## Need for speed

R is widely seen as being ‘slow’ (see julia web page)

But, if you use a few specific tools, then this becomes irrelevant because of the powerful tools in various packages in R

## An aside

Pure R, when the most efficient vectorized code is used, appears to be 1/2x the speed of the most efficient C++.

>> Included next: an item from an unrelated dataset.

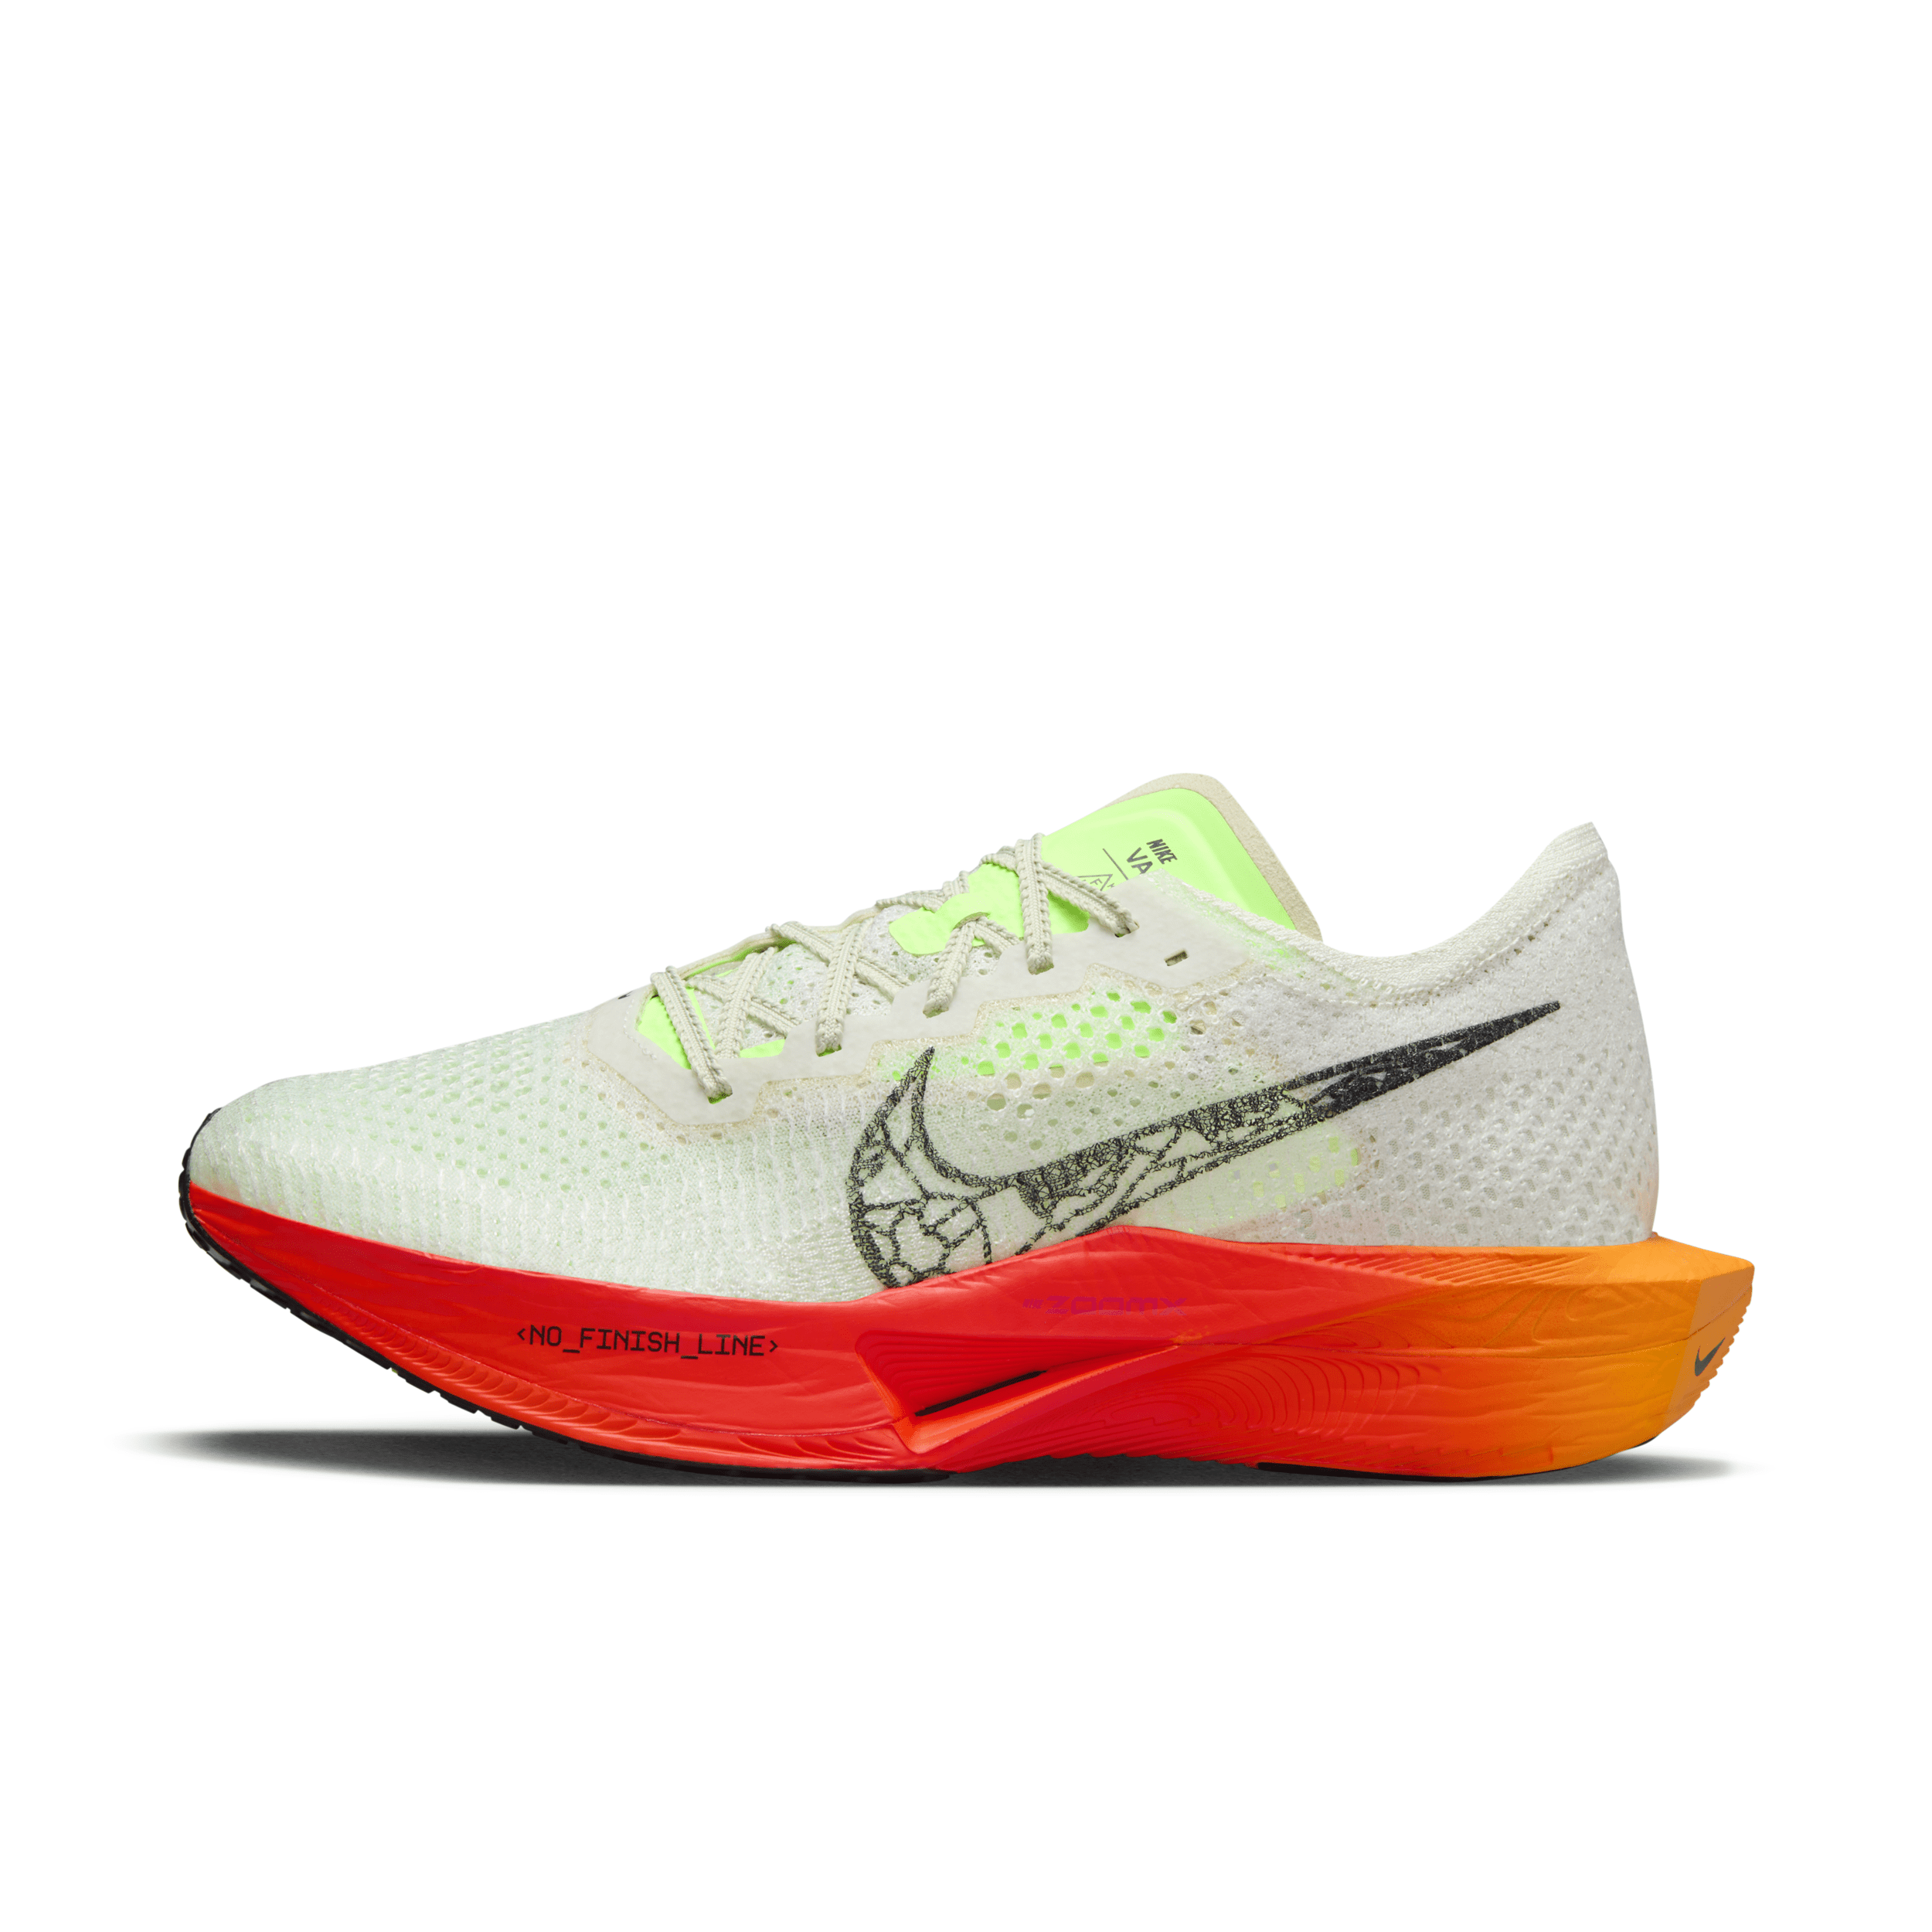 Nike Zoomx Vaporfly Next% 3 "no Finish Line" Sneakers In Green

See Hadley Wickham’s page on Rcpp, scroll down to “Vector input, vector output”… ), noting that if it took 10 minutes to write the C++ code, it would have to be 150,000 times faster to make it worth it.

## Need for speed

Spatial simulation means doing the same thing over and over and over … so we need speed

We will show how to profile your code at the end of this section.

## “Vectorization”

• This is at the core of making R fast. If you don’t do this, then it is probably not useful to use R as a simulation engine.
# Instead of
a <- vector()
for (i in 1:1000) {
a[i] <- rnorm(1)
}

# use vectorized version, which is built into the functions
a <- rnorm(1000)

## Vectors and Matrices

• These are as fast as you can get in R
• Fast numerical operations
• Faster than data.frame
• Anything that is in pure vectors or matrices is ‘fast enough’
• It is always a challenge to keep all code in vectors and matrices
• Thus the following packages…

## Spatial simulation

• To work with spatial simulation (e.g., time and space), it requires more than just spatial data manipulation
• Sometimes it is just base R stuff
• Need to learn how to make functions (allows reusability)
• Need to learn a few key packages that are critical for speed

## Key packages for spatial simulation

• base package – everything matrix or vector is ‘fast’
• raster - for spatially referenced matrices

• not always fast enough, sometimes we copy the data into a matrix, then manipulate, then return the data to the raster object
• sp - equivalent of vector shapefiles in a GIS

• Polygons, Points, Lines
• Not always fast, but essential to have
• see also sf

## Key packages for spatial simulation

• data.table

• For data.frame type data (i.e., columns of data)
• Very fast when object gets large, but is actually slower if the data.frame is small (<100,000 rows)
• SpaDES – many functions; will be moved into a separate package soon

• Rcpp

• R interface to C++ . When you need something fast, and you can’t get it fast enough with existing tools/packages, you can create your own (we will not go further into this here)

## What we will do here

• We will go through SpaDES functions quickly, because there are fewer tutorials online for these
• We will show links to various tutorials for raster, sp, data.table, Rcpp
• Each person should decide which tool is the most useful to them
• Put something into practice

## SpaDES functions

• These are all potentially useful for building spatio-temporal models
?spades-package # section 2 shows many functions

# e.g.,
?move
?cir
?distanceFromEachPoint

## sp

• Quite an old and mature package
• Tutorials

## sf

• Relatively new
• Implements latest GIS data standards
• Very fast, especially reading/writing large data
• CRAN
• GitHub

## The data.table package

From every data.table user ever:

WOW that’s fast!

install.packages('data.table')

(at least for large tables!)

## raster and data.table together

• The current implementation of LANDIS-SpaDES uses a “reduced” data structure throughout

• Instead of keeping rasters of everything (one can imagine that there is redundancy, i.e., 2 pixels next to each other may be identical)

• We make one raster of “id” and one data.table with a column called “id”

• Then we can have as many columns as we want of information about each of these places

• Like “polygons”, but for rasters, and dynamic… can change over time

• This may be useful for your own module

## raster and data.table together

• There is a key helper function:
?rasterizeReduced

What does this do?

## The Rcpp package

From every Rcpp user ever:

WOW! Just wow.

install.packages('Rcpp')